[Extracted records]
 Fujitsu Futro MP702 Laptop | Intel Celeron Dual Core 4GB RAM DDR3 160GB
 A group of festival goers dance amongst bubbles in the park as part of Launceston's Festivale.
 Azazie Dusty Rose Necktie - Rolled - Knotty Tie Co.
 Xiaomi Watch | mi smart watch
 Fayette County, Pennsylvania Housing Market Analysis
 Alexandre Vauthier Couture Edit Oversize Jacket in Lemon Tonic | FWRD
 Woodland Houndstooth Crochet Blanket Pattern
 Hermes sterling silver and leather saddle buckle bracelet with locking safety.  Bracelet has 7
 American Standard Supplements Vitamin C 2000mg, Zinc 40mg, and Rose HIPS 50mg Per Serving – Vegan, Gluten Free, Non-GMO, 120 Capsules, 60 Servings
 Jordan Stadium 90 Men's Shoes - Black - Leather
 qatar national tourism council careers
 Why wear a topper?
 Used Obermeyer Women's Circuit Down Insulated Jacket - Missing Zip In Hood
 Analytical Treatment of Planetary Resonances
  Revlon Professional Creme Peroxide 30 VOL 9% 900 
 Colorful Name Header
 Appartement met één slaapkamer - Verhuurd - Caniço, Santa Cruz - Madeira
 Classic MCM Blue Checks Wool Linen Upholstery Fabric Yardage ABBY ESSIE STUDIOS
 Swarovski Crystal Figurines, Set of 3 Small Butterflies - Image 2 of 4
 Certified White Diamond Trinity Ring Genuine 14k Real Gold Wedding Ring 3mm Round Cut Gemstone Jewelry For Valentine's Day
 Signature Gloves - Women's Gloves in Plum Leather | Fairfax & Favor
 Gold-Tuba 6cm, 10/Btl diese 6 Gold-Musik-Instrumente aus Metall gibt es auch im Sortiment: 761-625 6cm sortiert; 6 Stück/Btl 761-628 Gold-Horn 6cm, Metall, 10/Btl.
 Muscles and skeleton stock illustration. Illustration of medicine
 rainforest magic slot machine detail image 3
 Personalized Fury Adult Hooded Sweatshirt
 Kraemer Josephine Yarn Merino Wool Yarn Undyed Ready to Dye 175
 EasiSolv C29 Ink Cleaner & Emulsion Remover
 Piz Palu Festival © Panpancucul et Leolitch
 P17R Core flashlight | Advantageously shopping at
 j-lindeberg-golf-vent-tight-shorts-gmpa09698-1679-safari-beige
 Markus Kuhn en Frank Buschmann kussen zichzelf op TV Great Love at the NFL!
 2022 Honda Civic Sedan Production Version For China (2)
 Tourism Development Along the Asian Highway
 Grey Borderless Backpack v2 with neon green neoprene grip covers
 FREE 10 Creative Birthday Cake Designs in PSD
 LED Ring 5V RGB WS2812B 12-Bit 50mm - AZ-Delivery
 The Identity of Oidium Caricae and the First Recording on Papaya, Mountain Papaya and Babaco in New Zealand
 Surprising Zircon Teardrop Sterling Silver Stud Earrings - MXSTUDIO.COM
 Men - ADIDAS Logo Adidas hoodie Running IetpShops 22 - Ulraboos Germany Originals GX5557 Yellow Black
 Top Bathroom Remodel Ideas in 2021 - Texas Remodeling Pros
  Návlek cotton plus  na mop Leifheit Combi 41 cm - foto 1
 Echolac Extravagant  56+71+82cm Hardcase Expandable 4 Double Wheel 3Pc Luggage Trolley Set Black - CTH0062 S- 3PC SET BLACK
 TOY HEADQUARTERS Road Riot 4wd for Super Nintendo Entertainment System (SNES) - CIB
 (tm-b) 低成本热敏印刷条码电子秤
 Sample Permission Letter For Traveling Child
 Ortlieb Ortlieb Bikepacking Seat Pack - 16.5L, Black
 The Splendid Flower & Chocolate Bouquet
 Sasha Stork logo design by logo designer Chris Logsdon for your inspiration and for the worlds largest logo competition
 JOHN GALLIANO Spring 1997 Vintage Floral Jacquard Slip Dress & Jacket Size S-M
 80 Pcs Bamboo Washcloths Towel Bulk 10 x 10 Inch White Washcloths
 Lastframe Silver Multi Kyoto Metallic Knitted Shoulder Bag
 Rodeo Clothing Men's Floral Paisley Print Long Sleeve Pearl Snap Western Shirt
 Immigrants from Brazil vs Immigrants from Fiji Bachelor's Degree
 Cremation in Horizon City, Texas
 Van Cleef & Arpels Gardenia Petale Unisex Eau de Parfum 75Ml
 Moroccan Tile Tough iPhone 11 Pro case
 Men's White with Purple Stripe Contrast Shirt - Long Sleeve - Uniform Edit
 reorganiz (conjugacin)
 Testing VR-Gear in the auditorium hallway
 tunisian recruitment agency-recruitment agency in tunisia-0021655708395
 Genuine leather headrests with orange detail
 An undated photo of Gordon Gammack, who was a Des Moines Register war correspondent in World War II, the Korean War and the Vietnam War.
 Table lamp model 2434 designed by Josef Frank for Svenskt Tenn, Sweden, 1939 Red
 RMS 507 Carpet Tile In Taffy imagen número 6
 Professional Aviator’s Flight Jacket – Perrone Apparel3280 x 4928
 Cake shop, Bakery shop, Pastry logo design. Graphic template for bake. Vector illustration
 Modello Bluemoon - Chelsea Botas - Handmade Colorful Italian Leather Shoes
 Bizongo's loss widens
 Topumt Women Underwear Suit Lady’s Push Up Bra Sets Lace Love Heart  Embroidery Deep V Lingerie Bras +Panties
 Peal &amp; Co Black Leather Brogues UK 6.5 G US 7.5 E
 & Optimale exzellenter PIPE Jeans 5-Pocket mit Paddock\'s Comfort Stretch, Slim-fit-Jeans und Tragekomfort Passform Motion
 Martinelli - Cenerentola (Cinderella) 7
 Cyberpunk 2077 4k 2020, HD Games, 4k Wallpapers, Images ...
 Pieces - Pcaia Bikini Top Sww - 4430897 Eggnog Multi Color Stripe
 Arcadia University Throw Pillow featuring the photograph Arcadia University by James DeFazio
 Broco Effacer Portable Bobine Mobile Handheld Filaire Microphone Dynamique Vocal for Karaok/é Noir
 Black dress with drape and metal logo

*YOUR ASSIGNMENT*.
Transcribe exactly, and only, the lines from the opening line of the records through the line containing "Alexandre Vauthier Couture".

*THE ANSWER*.
 Fujitsu Futro MP702 Laptop | Intel Celeron Dual Core 4GB RAM DDR3 160GB
 A group of festival goers dance amongst bubbles in the park as part of Launceston's Festivale.
 Azazie Dusty Rose Necktie - Rolled - Knotty Tie Co.
 Xiaomi Watch | mi smart watch
 Fayette County, Pennsylvania Housing Market Analysis
 Alexandre Vauthier Couture Edit Oversize Jacket in Lemon Tonic | FWRD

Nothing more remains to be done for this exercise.